[DRBD-user] read i/o path question

Tue Jul 6 01:01:05 CEST 2004

/ 2004-07-05 10:32:33 -0700
\ Alan Jones:
> Hi Philipp,
> 
> > 1. FS starts read.
> > 2. DRBD has to ship the read to the peer
> > 3. FS starts write to the same location. (Which does not make sense!)
> > 4. DRBD signals the completion of the two operations, note that DRBD
> >    will return the old data for the read request.
> > 
> > A) No FS issues such ussage patterns.
> > B) Which data should be returned in this read anyway?

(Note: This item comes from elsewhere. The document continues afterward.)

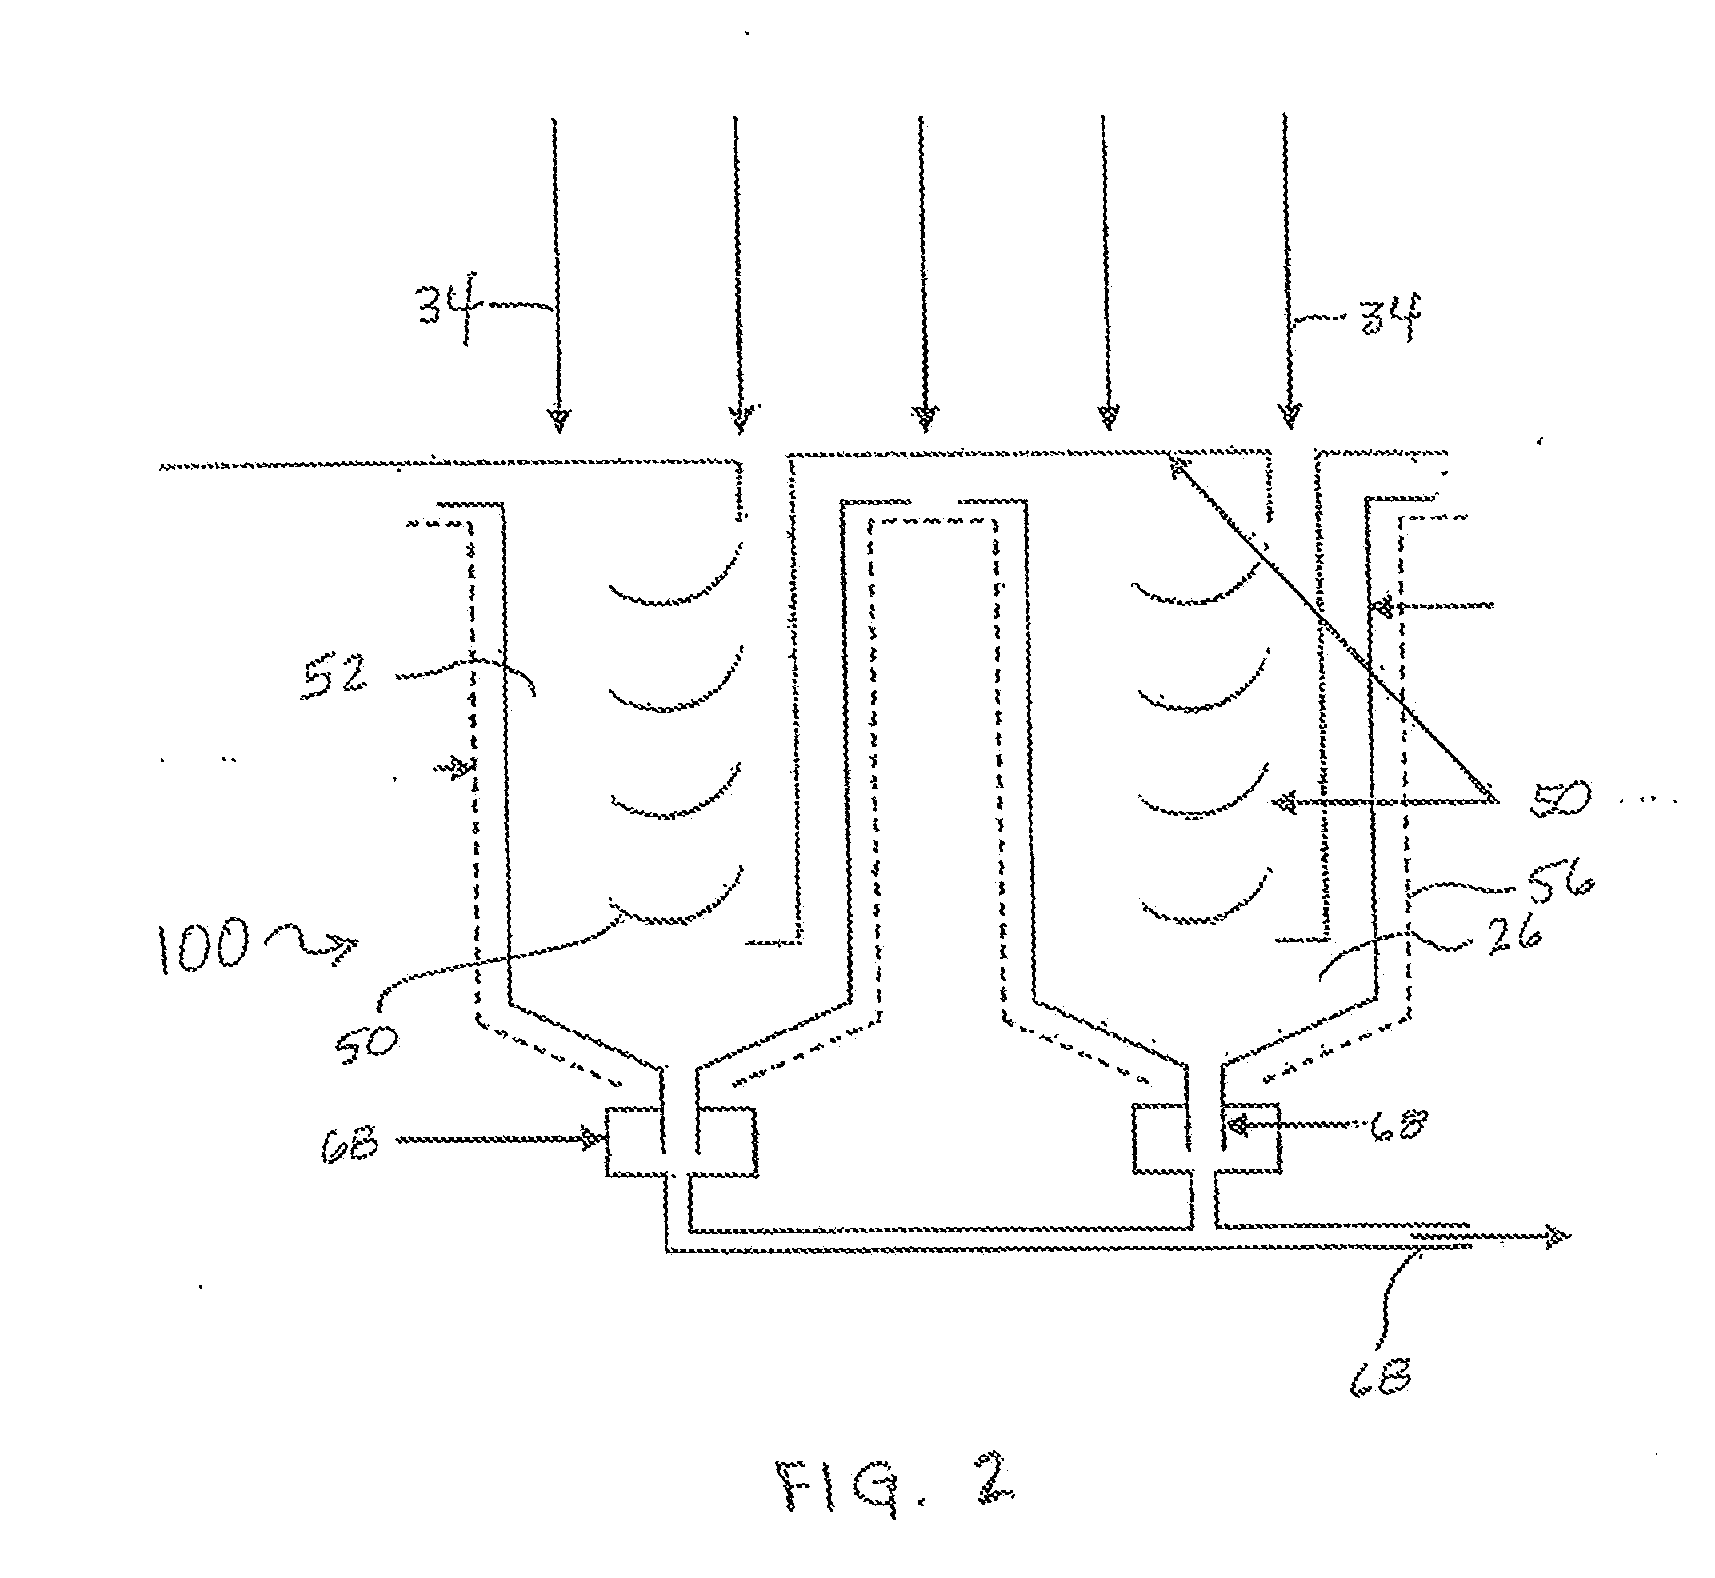 Systems, Apparatus and Methods for Coating the Interior of a Container Using a Photolysis and/or Thermal Chemical Vapor Deposition Process

The old, or the new
> >    version ?
> 
> If the read were issued after the write returned, the application can expect
> the new data.  I don't believe there is any requirement otherwise.  Either
> new or old should be fine; maybe even a combination.  For example, uncompleted
> writes after a crash are not gauranteed to be atomic.  The only practical use 
> of concurent I/O to the same block that I have seen is when a writer wants to 
> continually to update some date, for example, a logging transaction number.  
> For this to work, the writer needs to serialize it's calls to make_request(); 
> and perhaps you might be required to order the writes.

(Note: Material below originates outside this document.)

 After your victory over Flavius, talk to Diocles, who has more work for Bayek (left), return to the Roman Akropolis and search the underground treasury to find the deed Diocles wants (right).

we [try to... :) ] guarantee strict write ordering on both nodes.
anyways.... it does not happen, and if it does nevertheless,
it is not our fault, the result is "theoretically undefined",
and thats what that user gets back.

> My other question relates to a power failure senario.  Both primary and
> secondary have valid copies, but may not be consistent due to uncompleted
> writes.  After rebooting it is possible to provide service while 
> synchronizing *and* continue service should either system fail.  In doing
> so you need to delay returning reads until after the blocks read have been
> synchronized.  This way, an application that reads a block twice can expect
> the same data, even if the copy the data was read from fails inbetween.  This
> is a worthy goal if it is not already designed for, but not a quick fix.

this needs deep thought. some file systems dynamically relocate even
their meta data. so you can not simply continue service on a sync target.

but we talk already double failure here. maybe we are able to cope with
certain kinds of multiple failure scenarios --
preparing for "all of them" is ... complex.
and not our primary developement target.

	lge